There are three basic ways to allow the web server, running CGI scripts, to access and manipulate the moderation queue:

  • Have the web server run the CGI scripts as the moderator user. This in practice will require a setuid program to change users from nobody to the moderator user. I'm extremely reluctant to use setuid programs, as are many other system administrators, so it may be difficult in practice to take this course of action. This would probably be ideal if the process of dropping priviledges were totally secure, but it's difficult to ensure that.
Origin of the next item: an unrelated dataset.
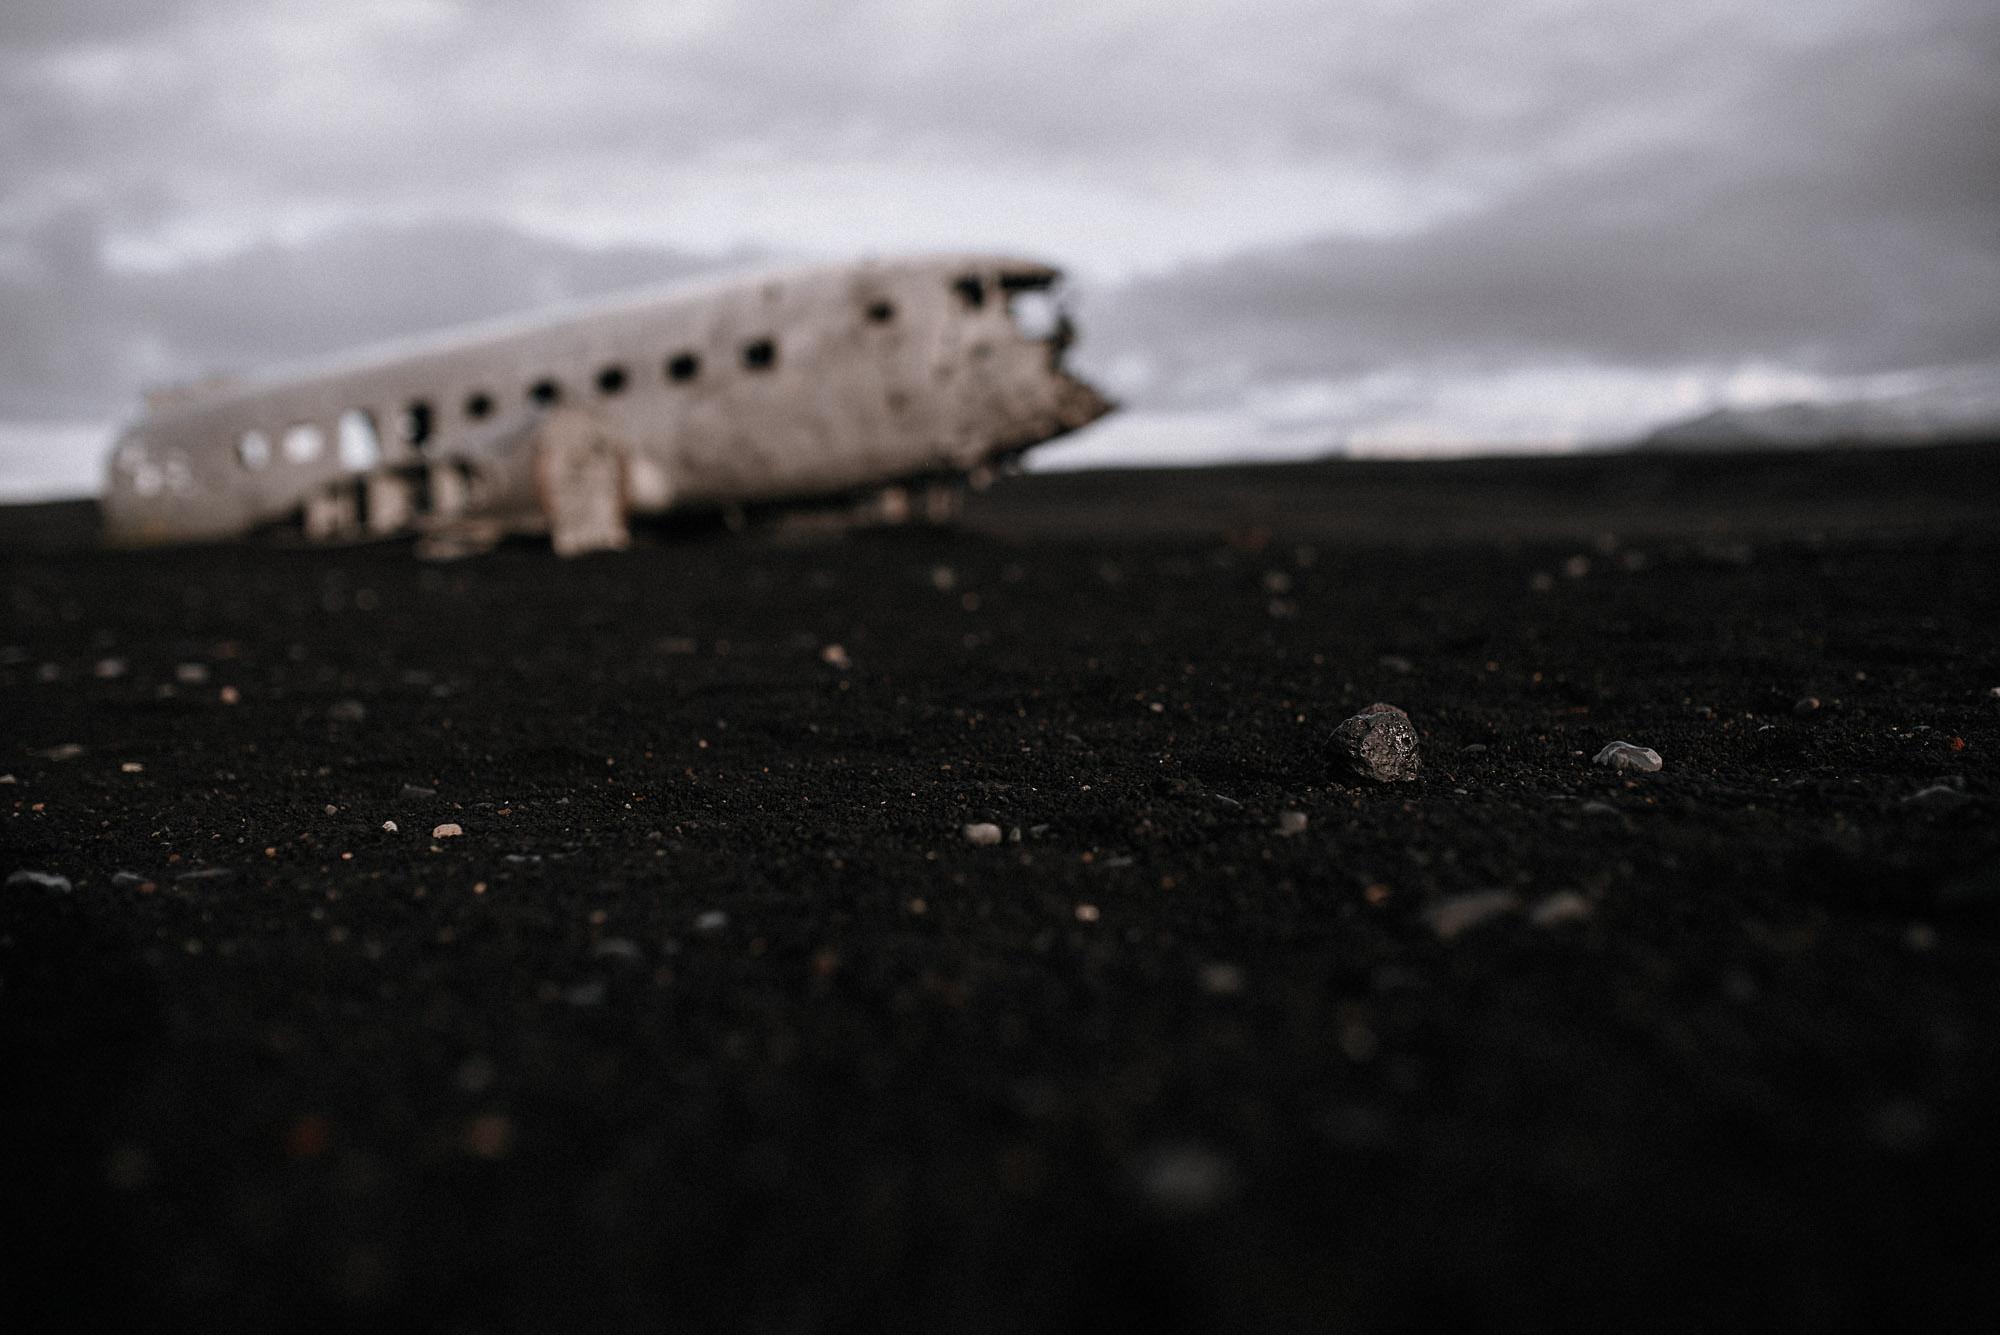 iceland-photographer-reykjavik-jere-satamo-5-web.jpg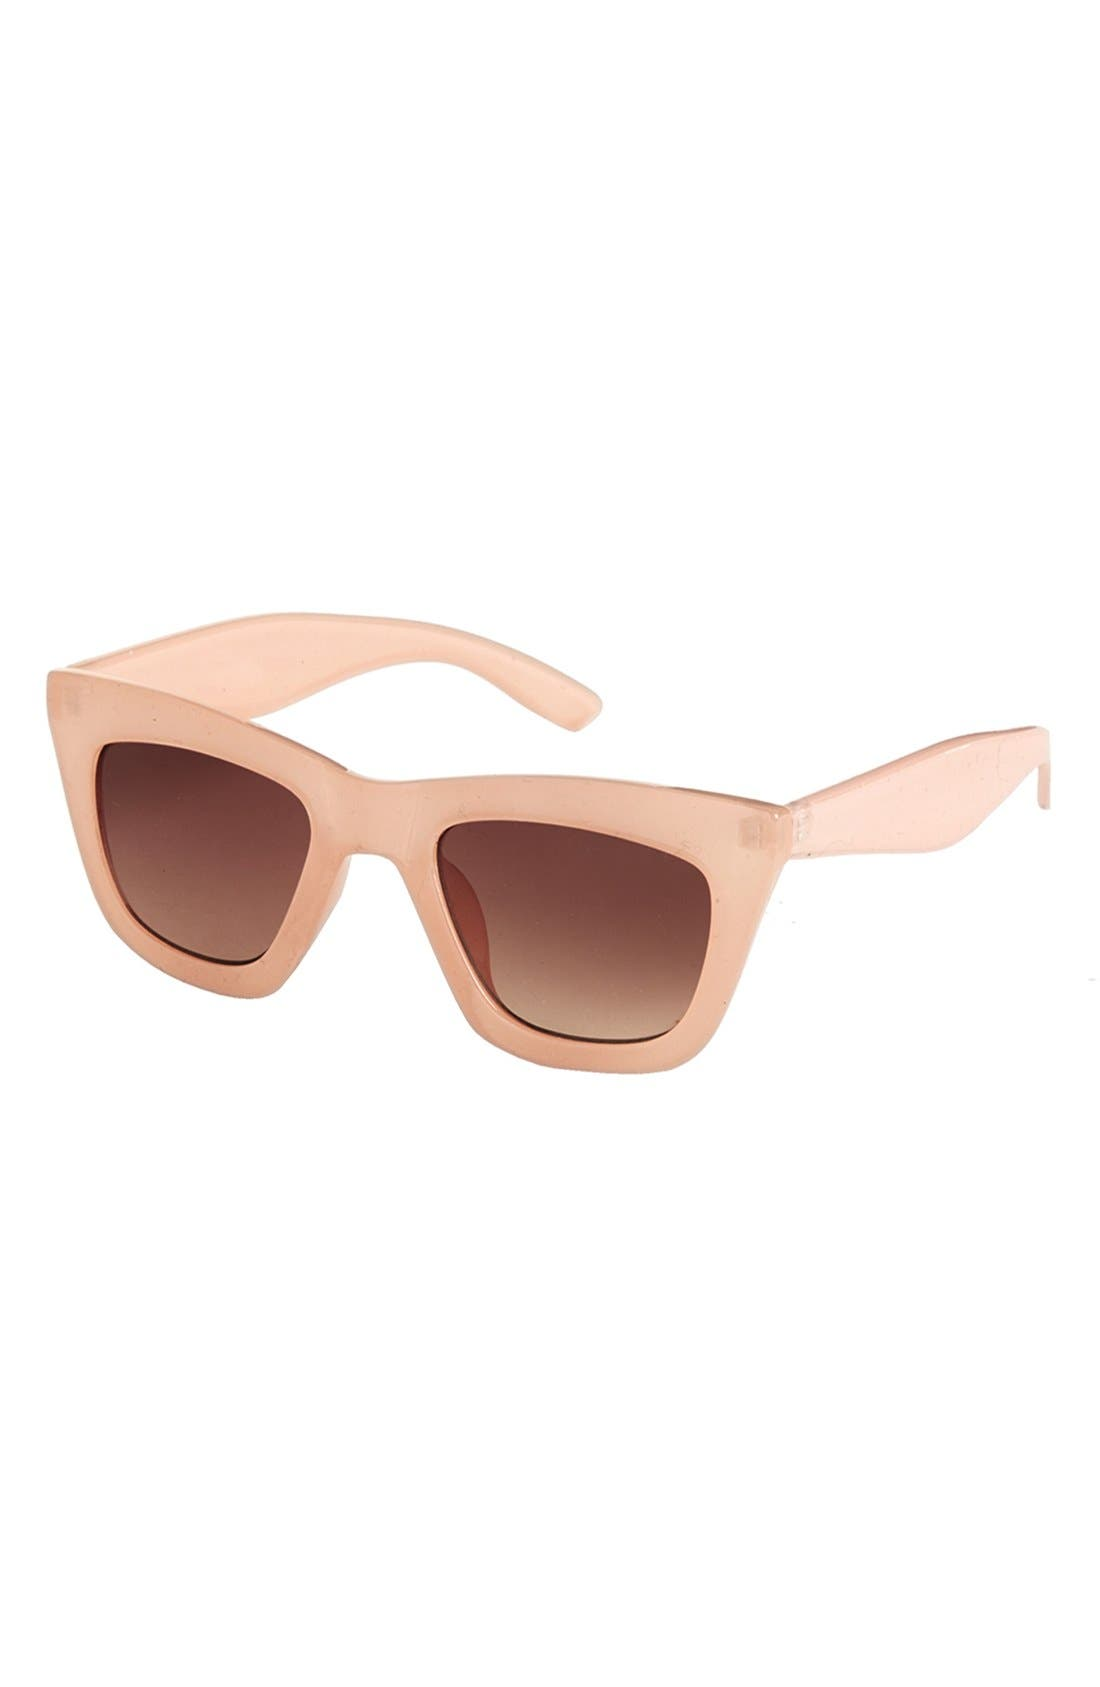 Alternate Image 1 Selected - Topshop 'Cruella' 49mm Cat Eye Sunglasses

  • Have the moderation queue be owned by the web server user. I think this is a bad idea, as then any security compromise anywhere in the web system results in a compromise of moderation queue. It's probably safe in practice, under most cases, but like setuid programs I'd rather avoid doing things like this.

  • There can be some sort of interface between programs that run as the moderator user and programs that run unauthenticated. Two ways in which this can be done is to create a file of commands which is read periodically or to have a local Unix domain socket that accepts commands from unauthenticated users. (The Unix domain socket idea can be expanded to accepting network connections if desired.) The disadvantage of this approach is that it requires a long-running daemon which is difficult to write correctly (as it would probably have to fork) and which may have to be written in C until Perl has reliable signal handling.

All of these solutions have their advantages and disadvantages; it would probably be a good idea to support all three. I'd be very interested in other alternatives as well, particularly designs that avoid the drawbacks of these.

One possibility that has come to mind is that the web interface could send e-mail, which would allow the web interface to leverage off of the existing e-mail interface. The difficulty there is lack of immediate response; the mail message is sent, and then the CGI script has no real way of knowing whether and when it has been acted upon.